Collected material
**********

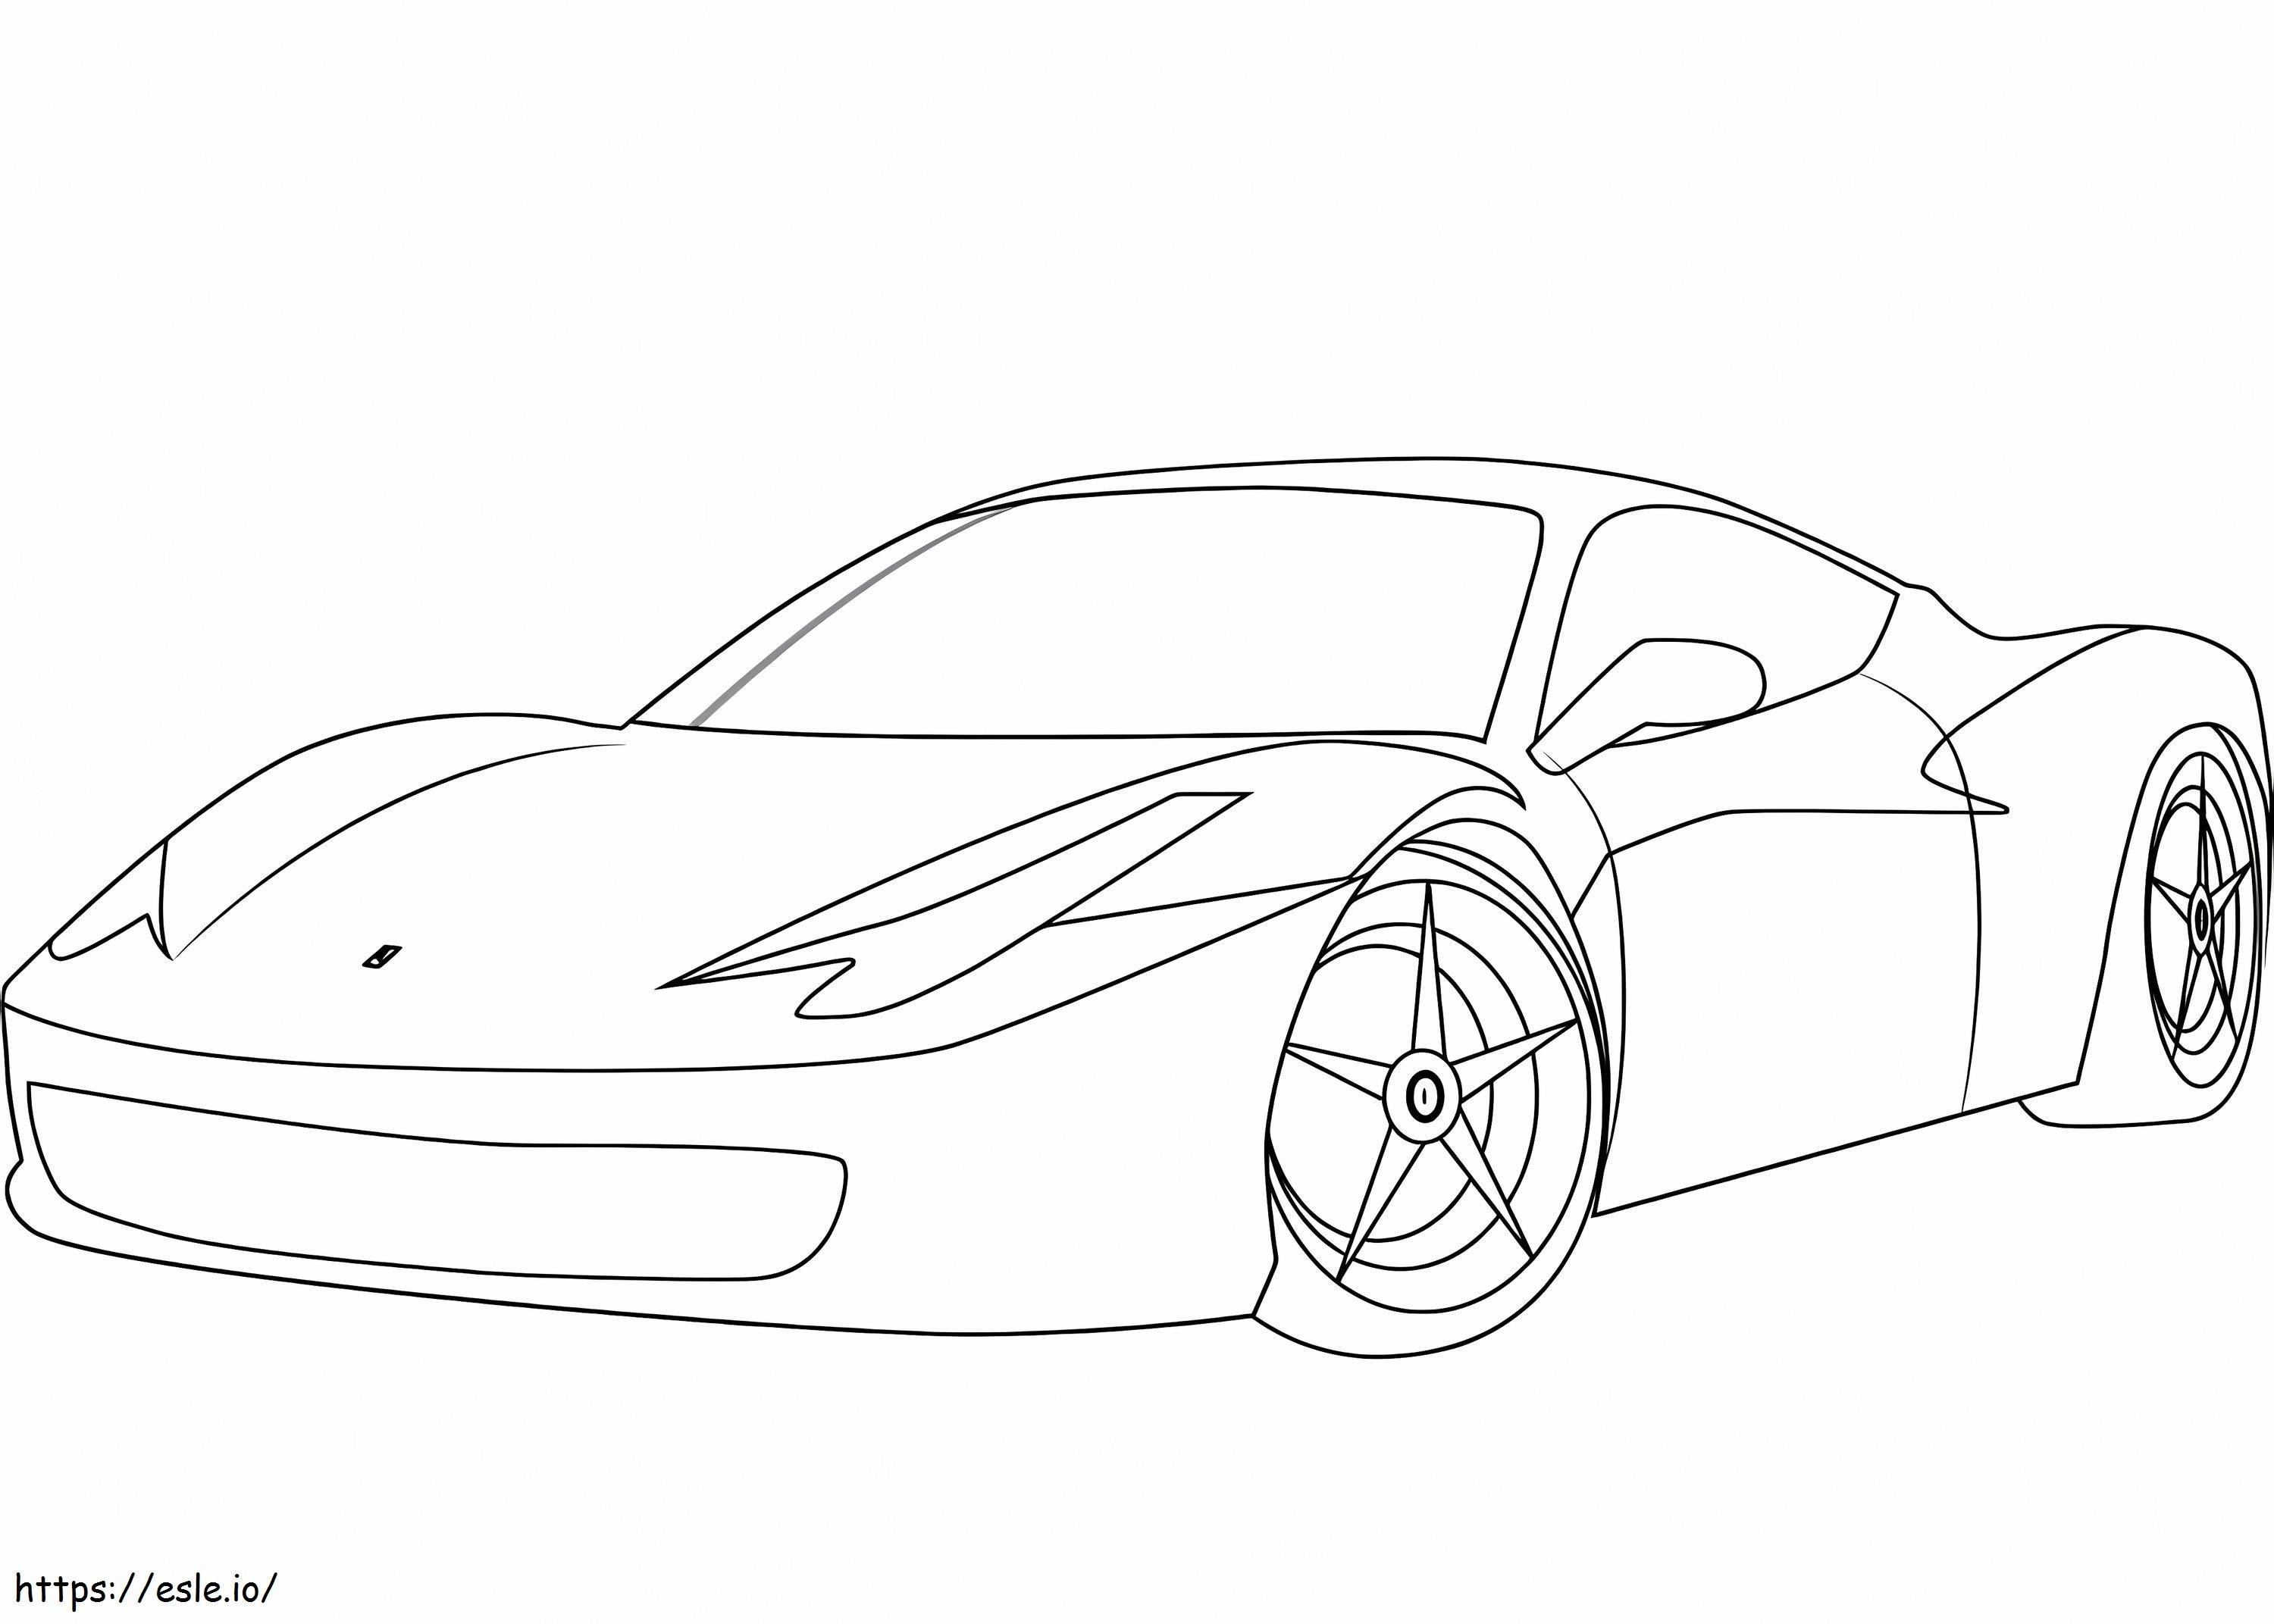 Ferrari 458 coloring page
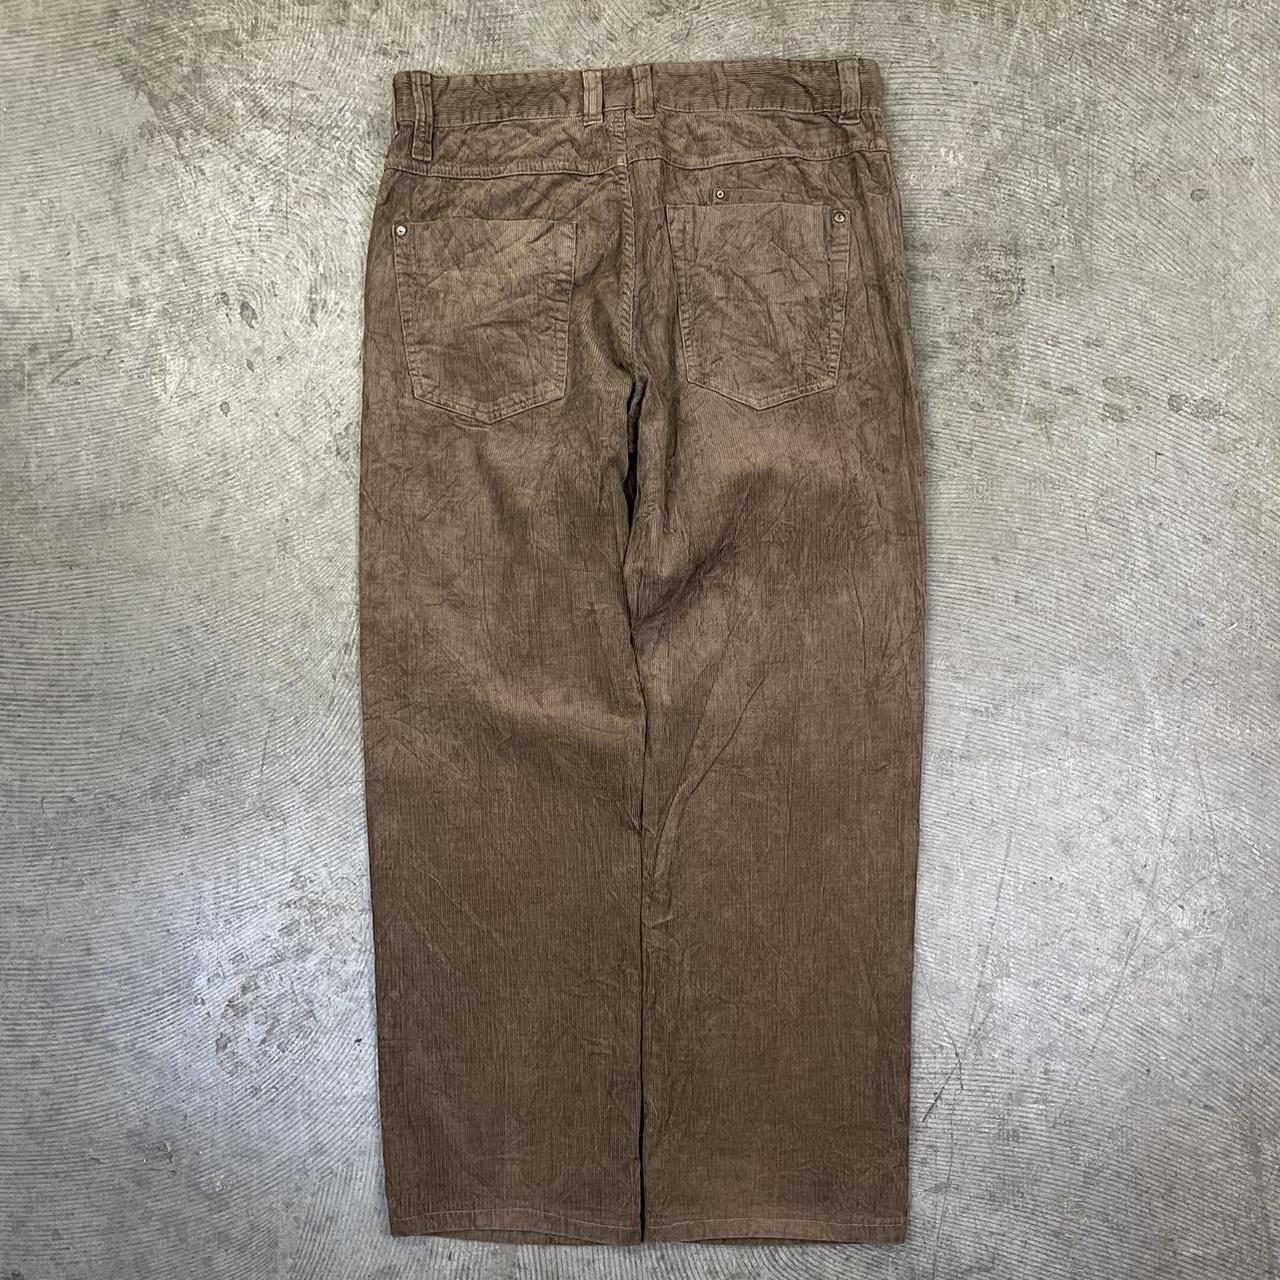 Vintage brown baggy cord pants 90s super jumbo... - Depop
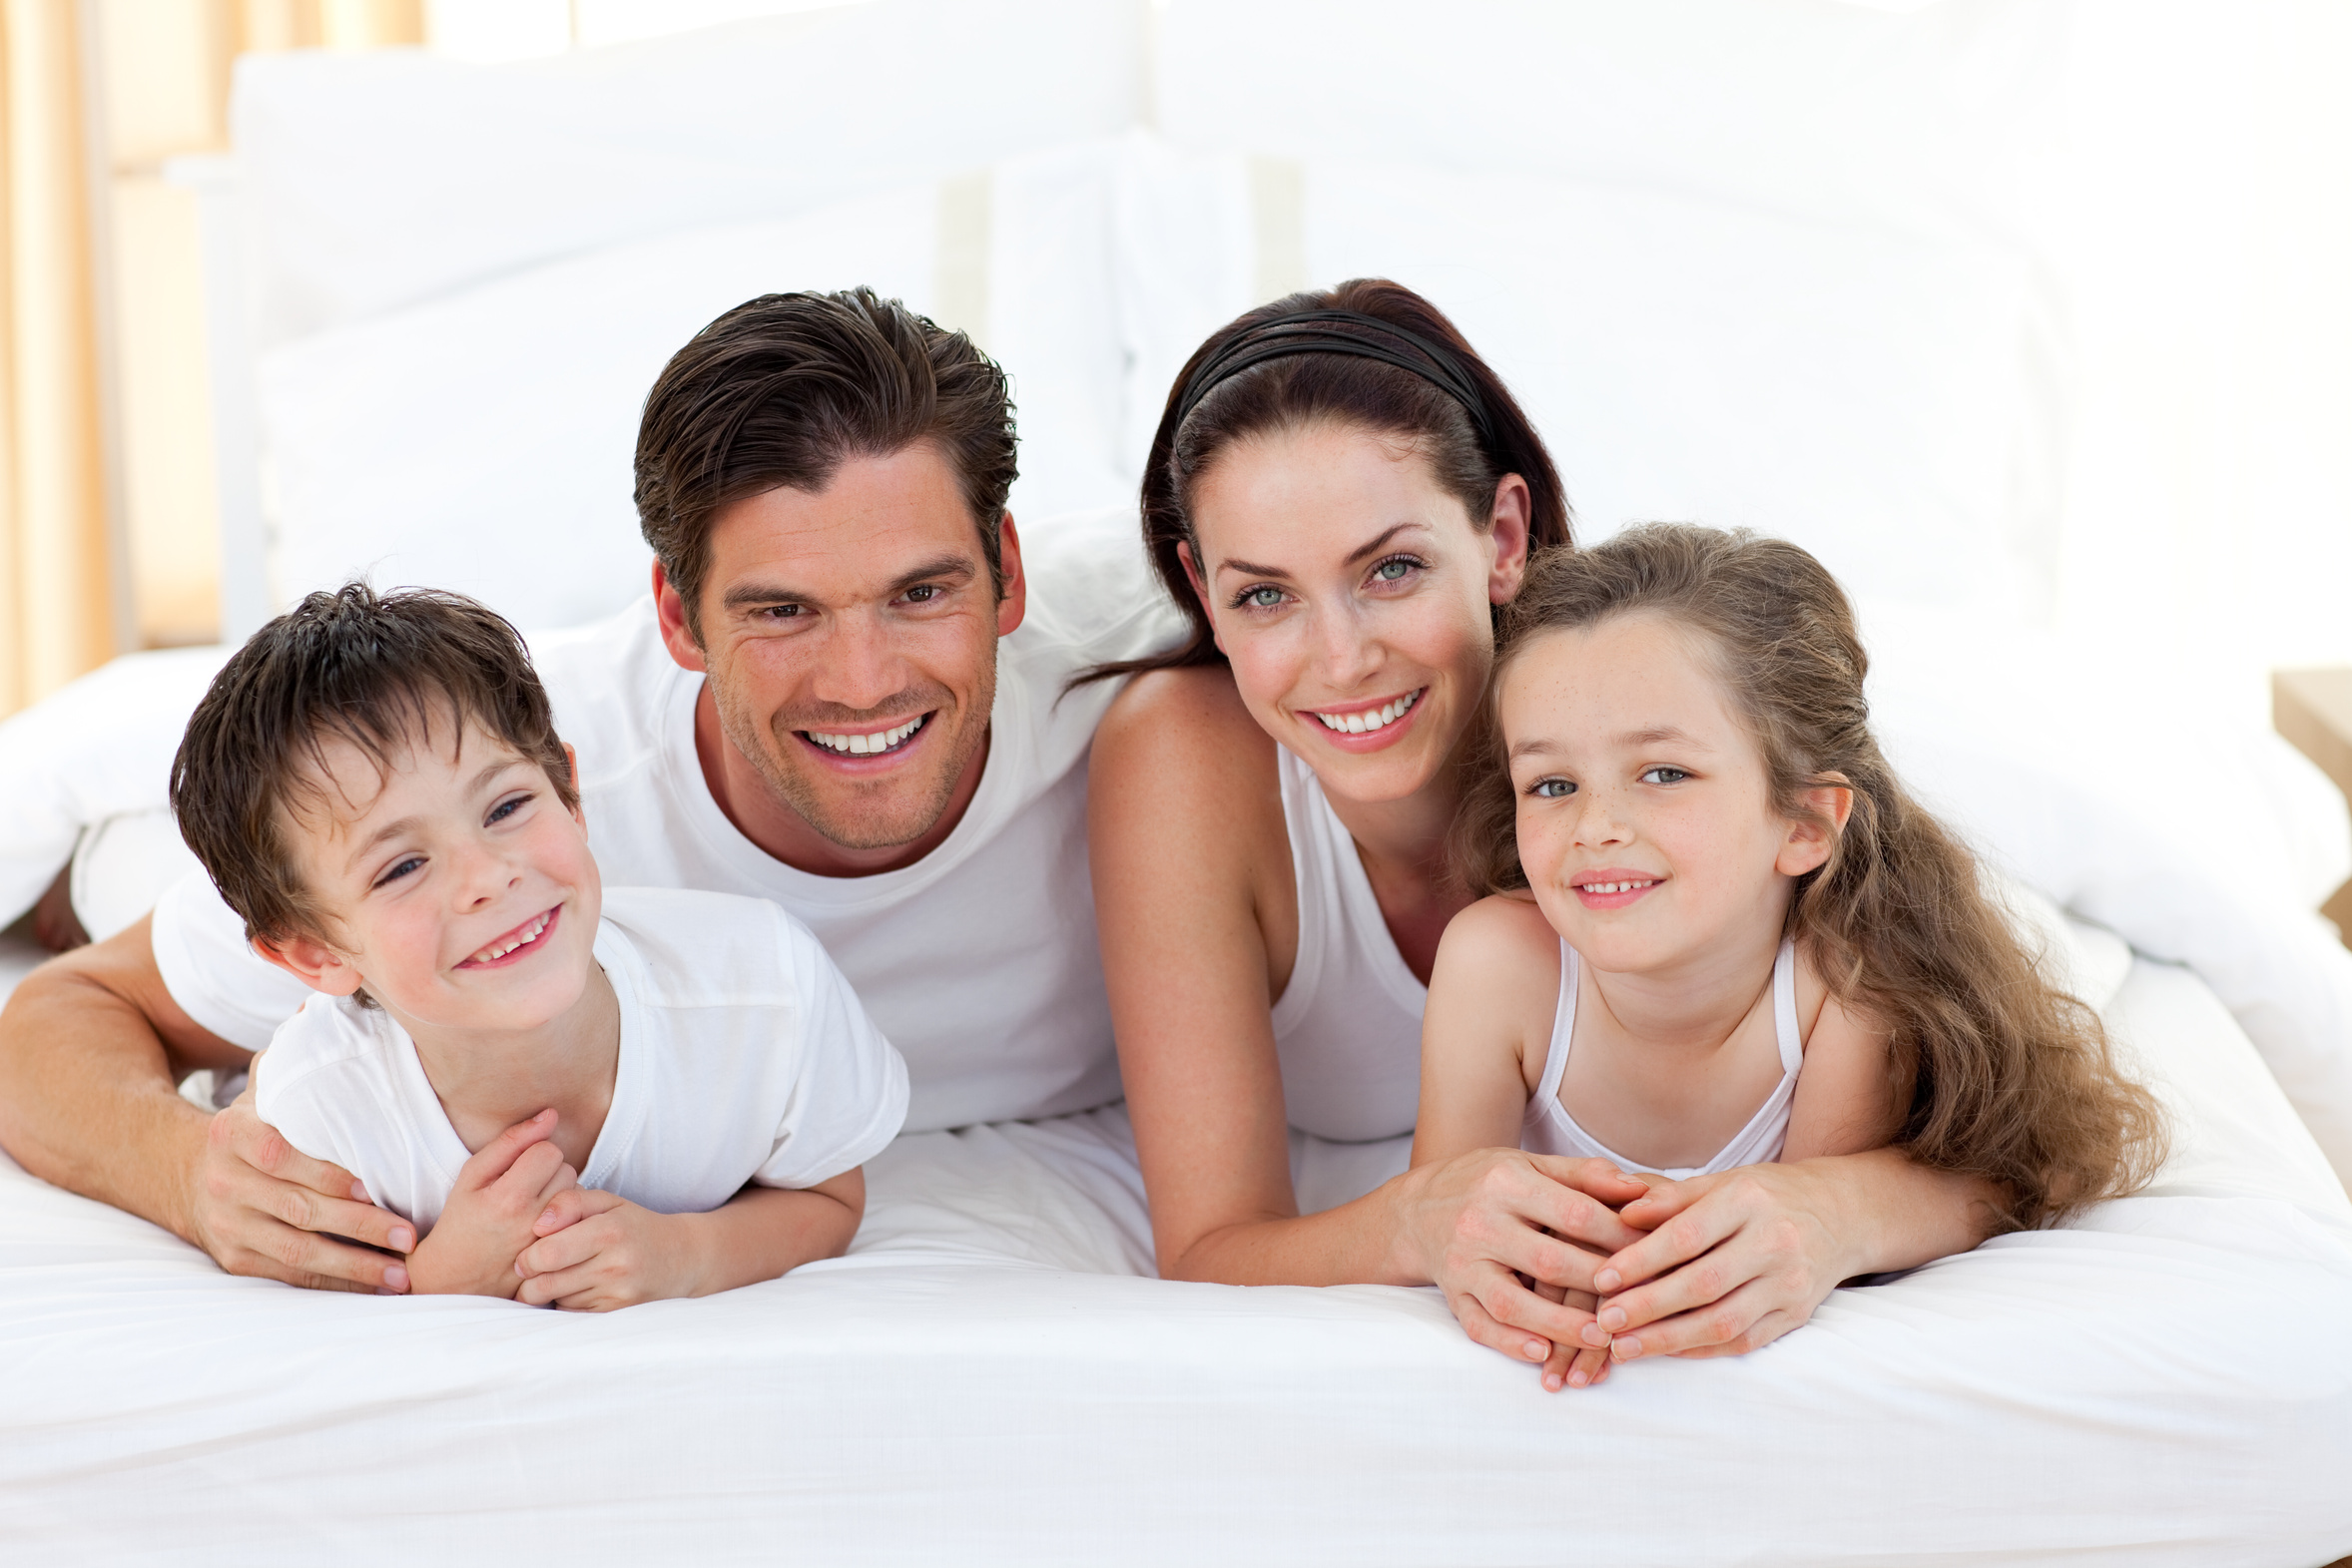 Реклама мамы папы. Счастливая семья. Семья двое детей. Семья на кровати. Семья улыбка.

**********

To do
Up to and including the last line of the listing, starting at the line with "Vintage brown baggy", extract every line exactly and leave out the pictures.

Written solution
 Vintage brown baggy cord pants 90s super jumbo... - Depop
 Реклама мамы папы. Счастливая семья. Семья двое детей. Семья на кровати. Семья улыбка.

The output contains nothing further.